Because the archive of the Fabian Nursery held at the London School of Economics doesn’t begin until 1910 it is impossible to verify that they held a dance on 20 March 1908, but Patricia Pugh’s history of the Fabian Society, Educate, Agitate, Organize , confirmed that the Nursery did indeed organise dances in their early years, which was good enough for me. I felt free to place the Paddington episode in the early summer of 1907, a much more plausible date for several other reasons. Rosamund’s letter to Jane nearly a year later has exactly the wistful tone of someone who would like to heal a breach with a former friend, regretting the missed opportunity ‘of talking to you a little bit’.
Of course I could have ignored Julia Briggs’s dating of the Paddington incident when I first encountered it, and placed it earlier in time — very few readers would have challenged me. But that would have been to break the rule I set myself: to respect the known facts. When the different documentary sources I consulted gave conflicting versions of the same event I favoured the one that seemed most plausible to me as a novelist. In the Postscript to his autobiography, Wells describes his third visit to Russia, undertaken primarily to interview Stalin, in 1934. He asked Moura, who had lived independently in Europe since she parted company with Gorky in 1928, but was now in a steady relationship with H.G., to accompany him. She refused, saying she dared not return to Russia for fear of being arrested, and that she had to visit her children in Estonia, where they arranged to meet on his return journey. He took his son Gip with him to Russia as companion instead of her. Visiting Gorky in his dacha outside Moscow Wells was stunned to discover that Moura, unknown to him and contrary to her own accounts of her movements, had stayed with Gorky three times in the past year, most recently only a week before his own visit. Wells felt betrayed and described vividly how he was plunged into paroxysms of jealous rage. He set off alone for Tallinn, Estonia, determined to confront Moura with her deception.

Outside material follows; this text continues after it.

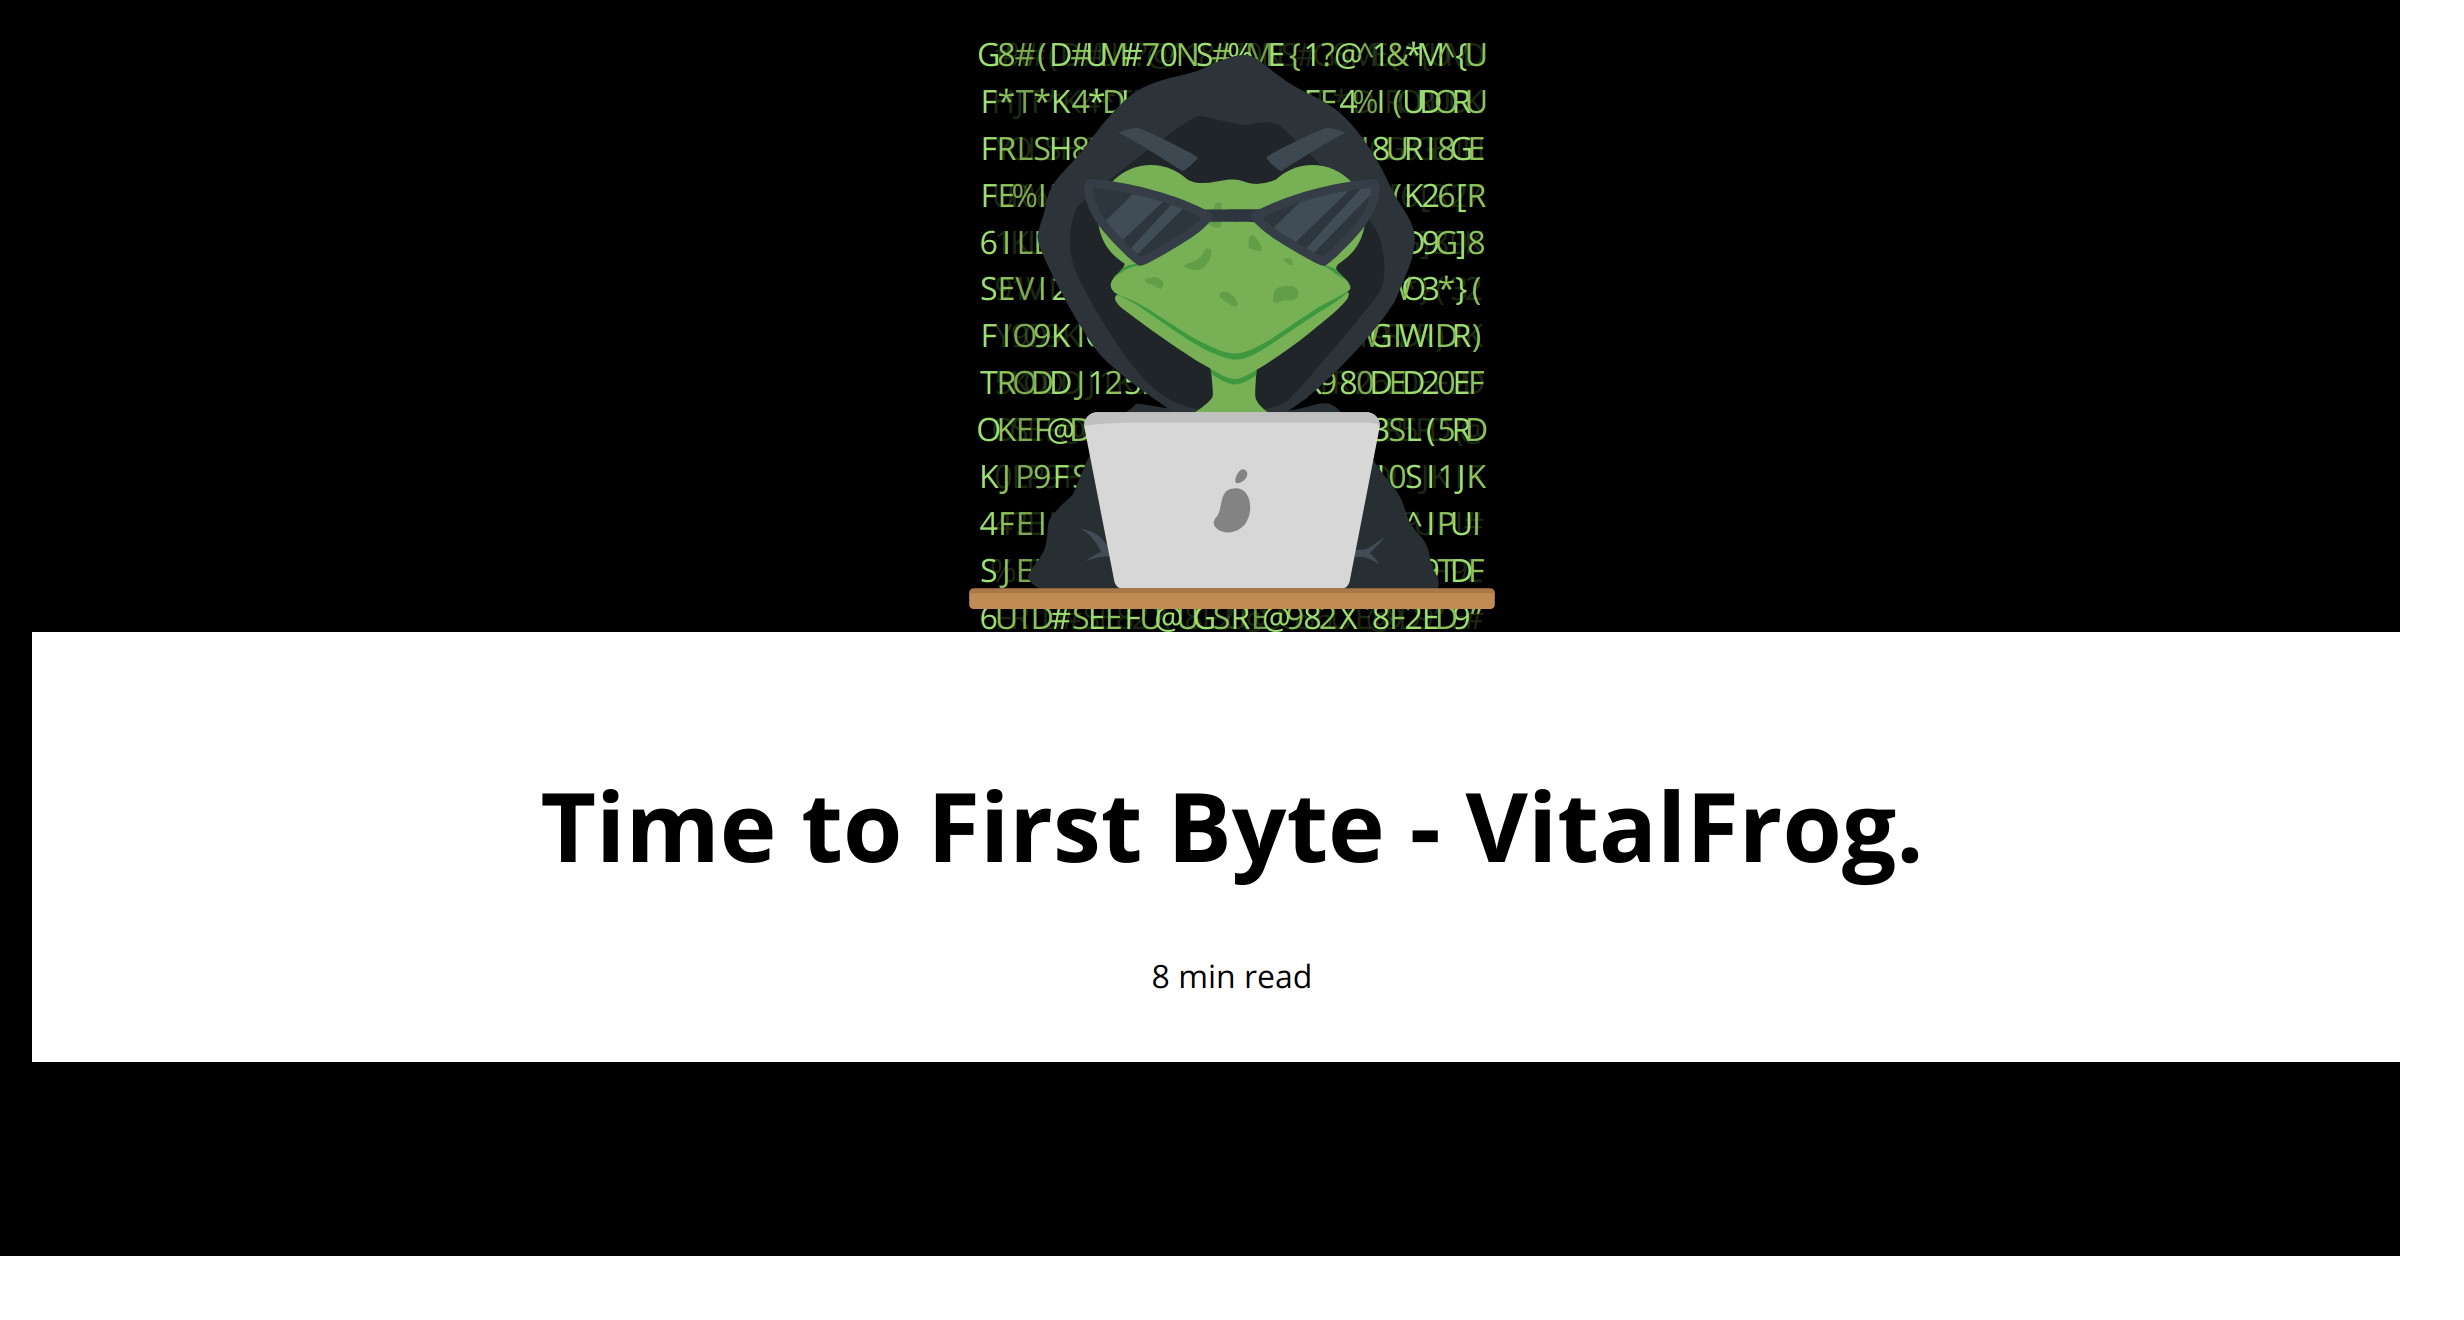 Time To First Byte - VitalFrog.

In H.G.Wells: Aspects of a Life Anthony West asserts, naming Gip as his source, that Wells and his son deduced between them that Moura must be a spy working for Russian intelligence, that she had been planted on him at the very beginning of their relationship in 1920 and had been reporting on him ever since. According to this account, when Wells accused Moura of this in Tallinn she admitted it, but told him that it was the only way she survived the revolution and that ‘as a biologist he had to know that survival was the first law of life’. In Anthony West’s opinion, although Wells patched up their relationship he never recovered from the disillusionment, and it was the underlying reason for the misanthropy of his last years.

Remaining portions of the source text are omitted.